Overview
Research introduces a typology for integrated modeling approaches that merge machine learning (ML) with physics-based models in the realm of weather and climate prediction. This framework aims to classify existing modeling systems and guide the development and implementation of new capabilities in the field. The integration of these two distinct approaches seeks to leverage their respective benefits while mitigating individual challenges, potentially accelerating the uptake of emerging scientific insights in a practical and reliable manner.
Research Context
The field of weather and climate prediction is undergoing a transformation driven by the integration of machine learning techniques with established physics-based models. Both ML-based and physics-based approaches possess distinct advantages and limitations when applied independently. The concept of "blending" these approaches is explored as a method to combine the speed and adaptability offered by machine learning with the robustness, trustworthiness, and interpretability inherent in physics-based systems. This integration is presented as a practical avenue for innovation, designed to support informed decision-making and strategic planning.

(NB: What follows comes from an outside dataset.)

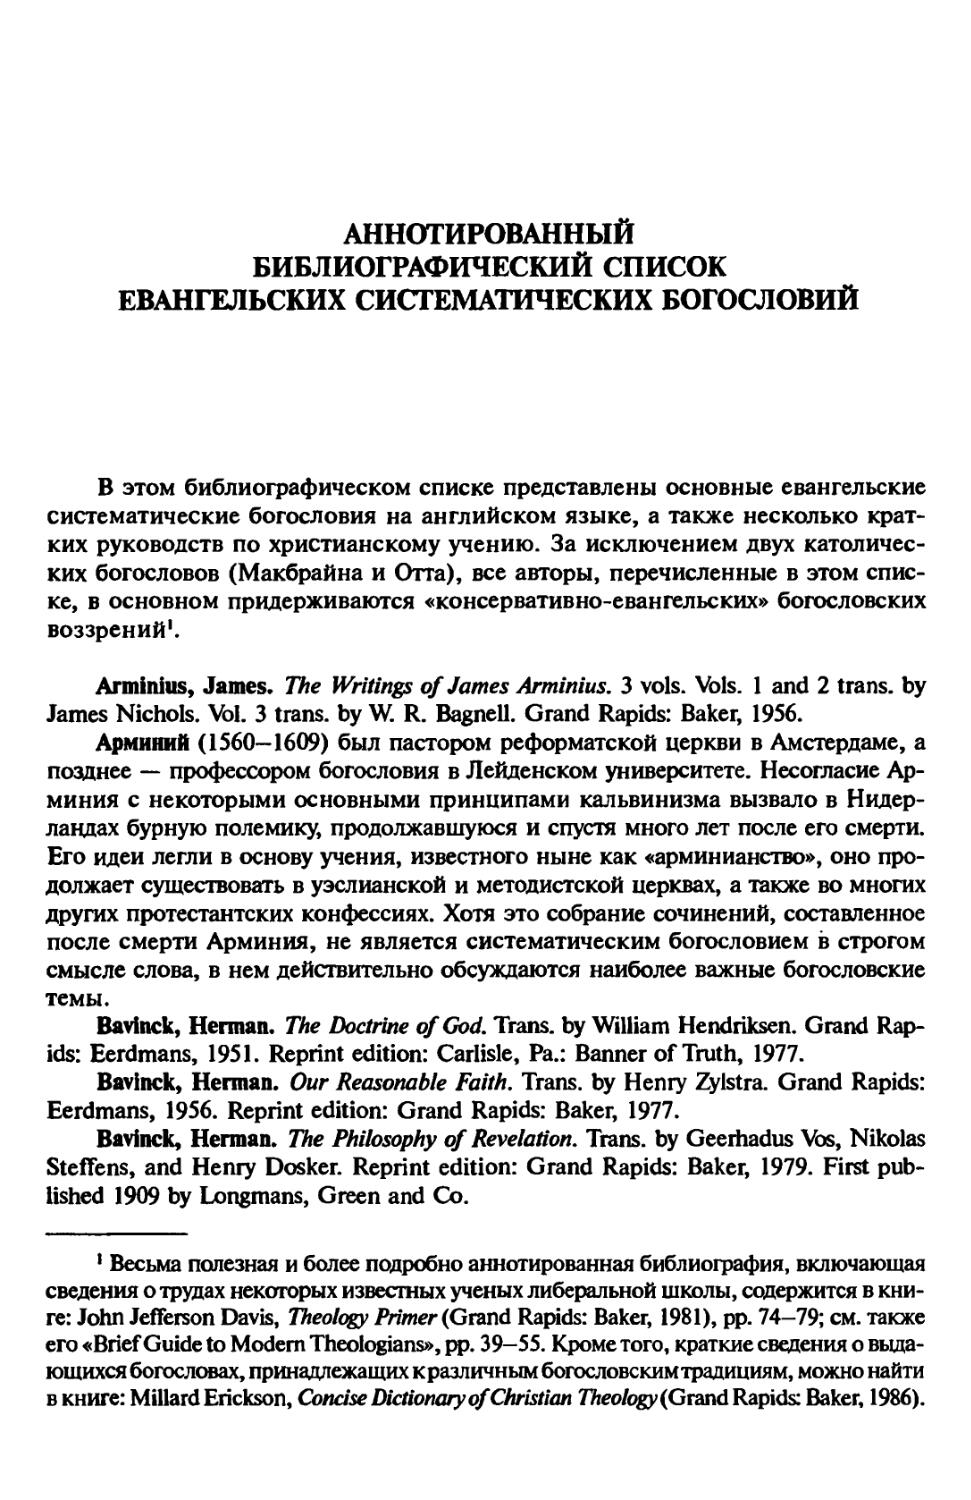 Аннотированный библиографический список евангельских систематических богословии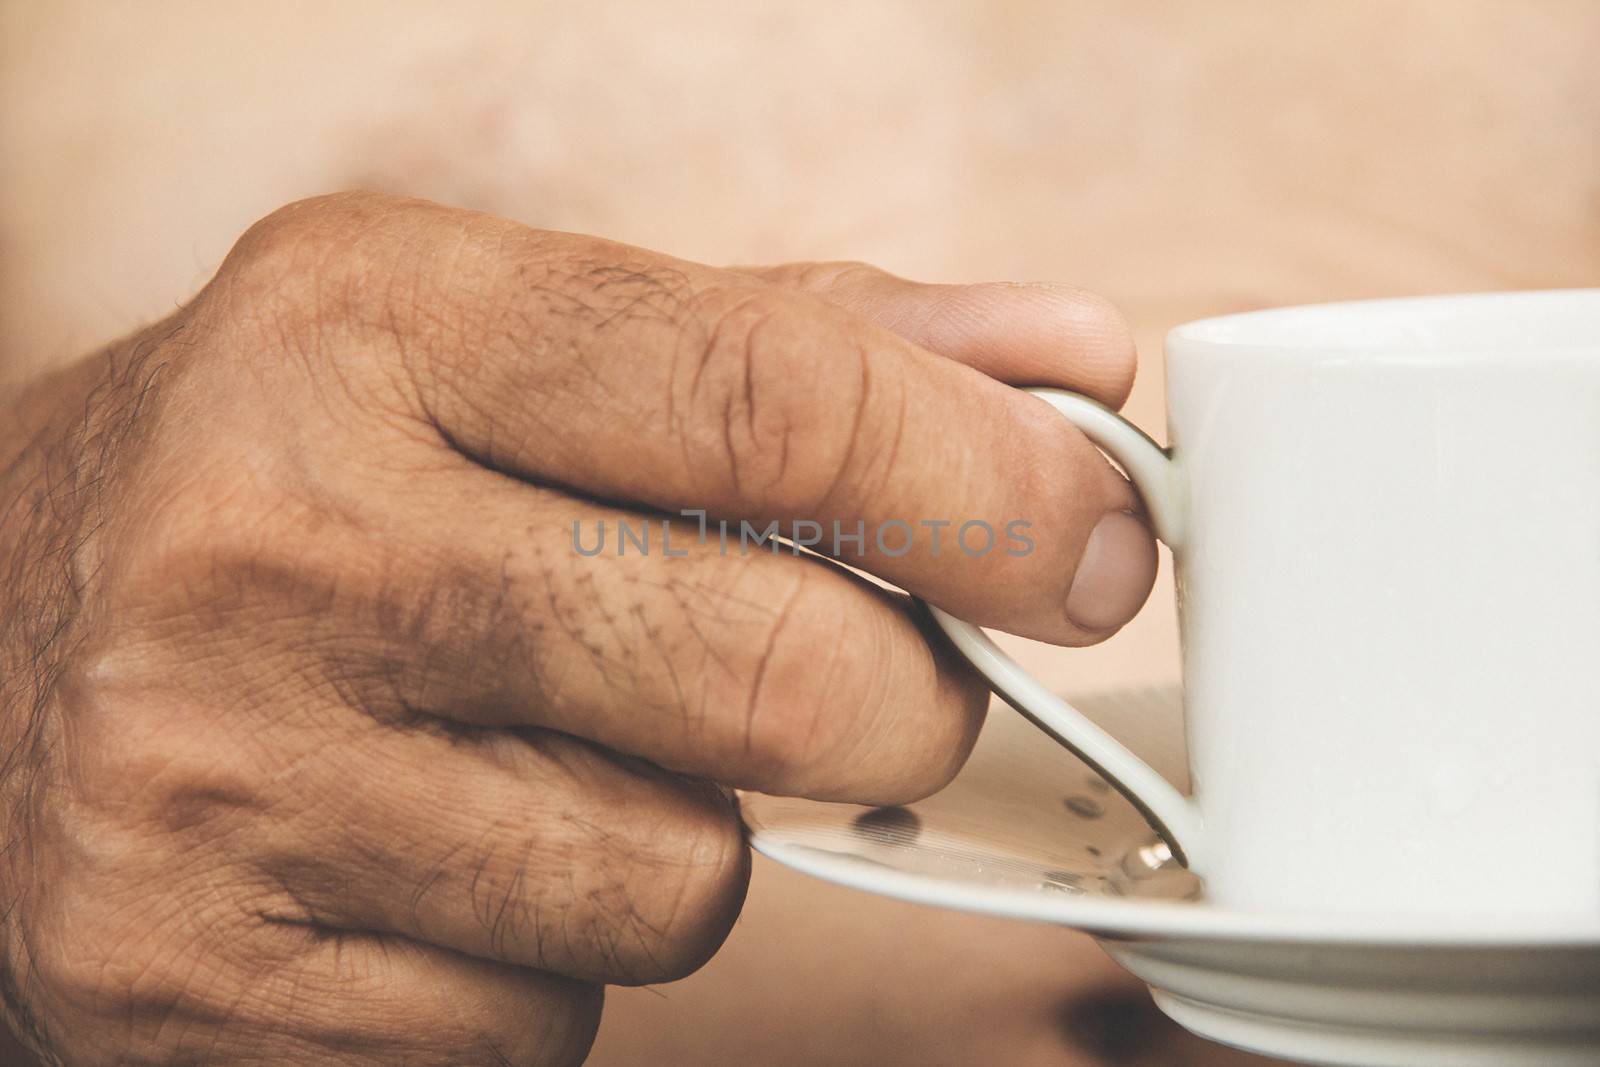 a hand ilfts a cup of tea

The strategic benefits of such blended approaches are discussed within the paper. The developed typology intends to provide a structured vocabulary for the community, facilitating navigation during the transition towards next-generation prediction systems. It also identifies pathways for incremental, gradual, or wholesale advancements in modeling capabilities.
Approach
The approach involves developing a typology that categorizes different ways machine learning and physics-based modeling systems can be integrated. This typology serves as a tool for classifying various blended modeling systems. Additionally, it identifies potential routes for the development and implementation of new capabilities, ranging from gradual evolution to more comprehensive changes. The framework aims to outline the benefits and limitations associated with each approach within the typology.
Findings
The research establishes that integrating machine learning with traditional physics-based models has the potential to accelerate the pull-through of emerging science in a trusted and practical way in weather and climate prediction. A diverse array of choices exists for blending ML with established physics-based modeling systems to optimize benefits. The developed typology offers a means not only to classify these modeling systems but also to identify routes for gradual, incremental, or wholesale development and implementation of new capabilities.
These blended approaches are characterized as providing a practical path to innovation. This path is achieved by combining the speed and adaptability inherent in machine learning with the robustness, trust, and interpretability of physics-based systems. The framework, through its structured vocabulary and discussion of benefits and limitations, aims to support informed decision-making and strategic planning for the wider community as it transitions to next-generation prediction systems.
Why This Matters
This typology offers a structured framework for understanding and implementing combined machine learning and physics-based models in weather and climate prediction. It provides guidance for the scientific community, enabling informed decisions and strategic planning for developing future prediction systems. The framework can help in integrating emerging scientific advancements into practical applications more efficiently and reliably.